# Tutorial on how to take better landscapes. Feedback welcome.



## RoiSoleil (Jan 20, 2016)

I've just finished putting together a guide to taking better landscape photographers. It's aimed at novice photographers who are interested in getting into landscape photography. That said, there might be a few tips that intermediate photographers might find useful. It's really just based on what I've learnt over the years.

<Link removed>

I'd appreciate any feedback as it's my first real attempt at doing anything like this. I teach workshops on a regular basis but I've never really written a tutorial. Do you find it easy to follow? Is there anything you disagree with? How would you improve it?

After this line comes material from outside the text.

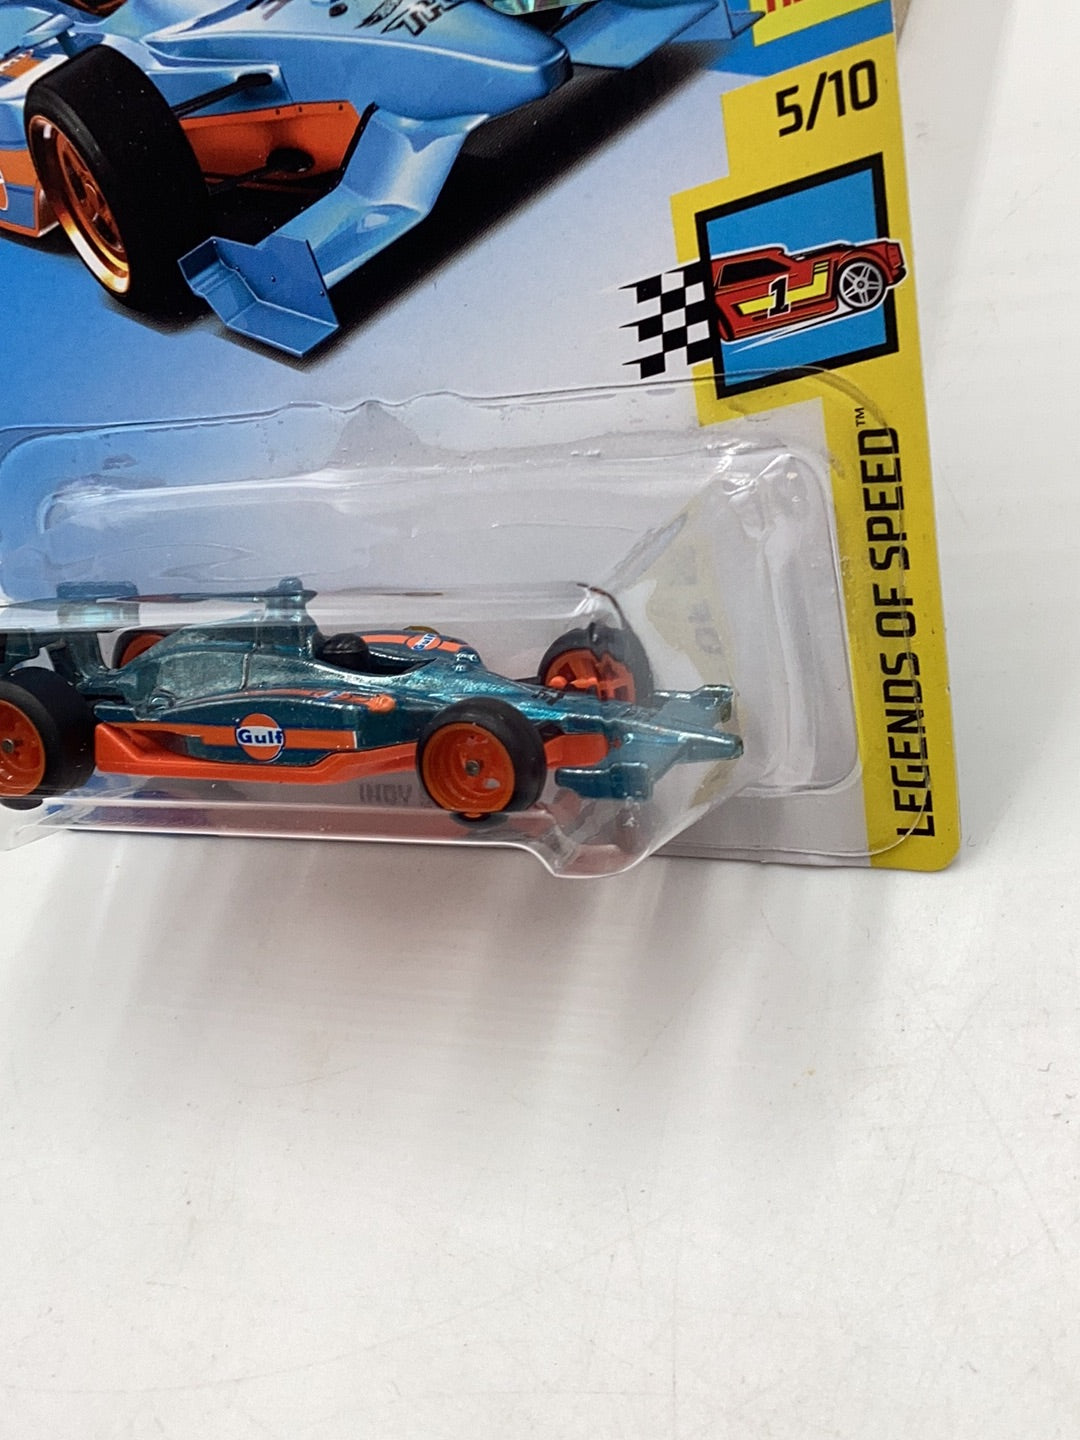 2018 hot wheels super treasure hunt Indy 500 Oval factory sealed sticker W/Protector

If this one is useful to enough people, I plan to write a few more. It was actually quite enjoyable to put together.


----------



## Light Guru (Jan 20, 2016)

Everything you talk about is talked about in 20 million other places online I didn't see anything unique to yours. 

Also your title is a bit misleading. Half of your images would technically be considered  cityscapes not landscapes. 

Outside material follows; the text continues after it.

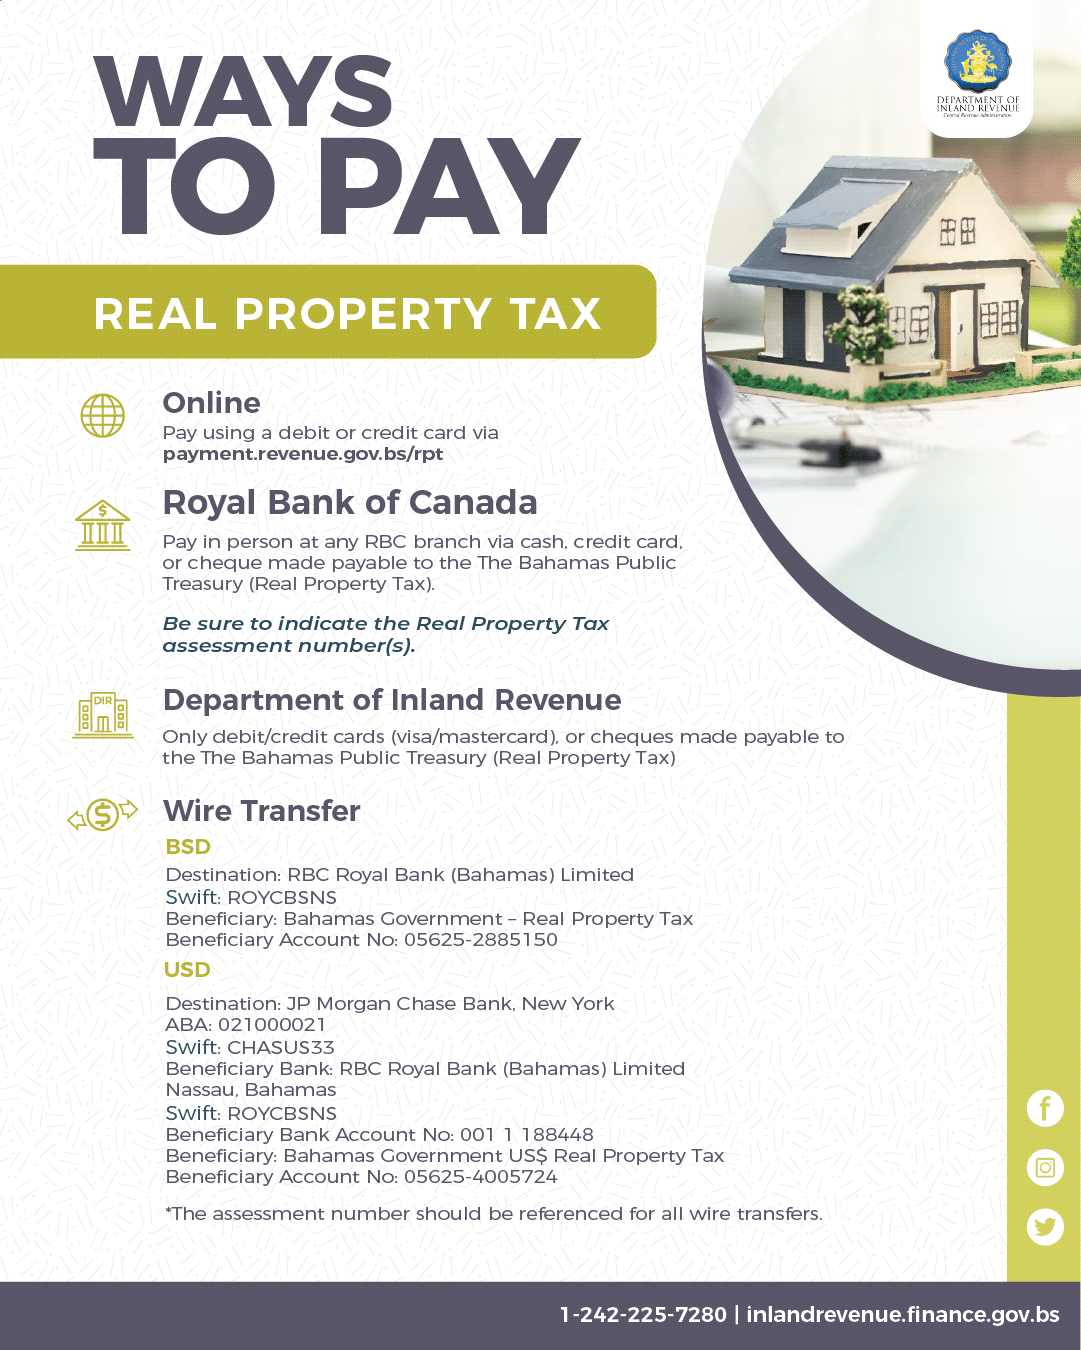 real-property-tax-department-of-inland-revenue

Sent from my iPhone using Tapatalk


----------



## tirediron (Jan 20, 2016)

You're welcome to post the article, in its entirety here, but TPF does not permit link backs to your own 'site.


----------



## RoiSoleil (Jan 20, 2016)

tirediron said:


> You're welcome to post the article, in its entirety here, but TPF does not permit link backs to your own 'site.



Apologies. You can delete the thread and I'll format the article to post here in its entirety.


----------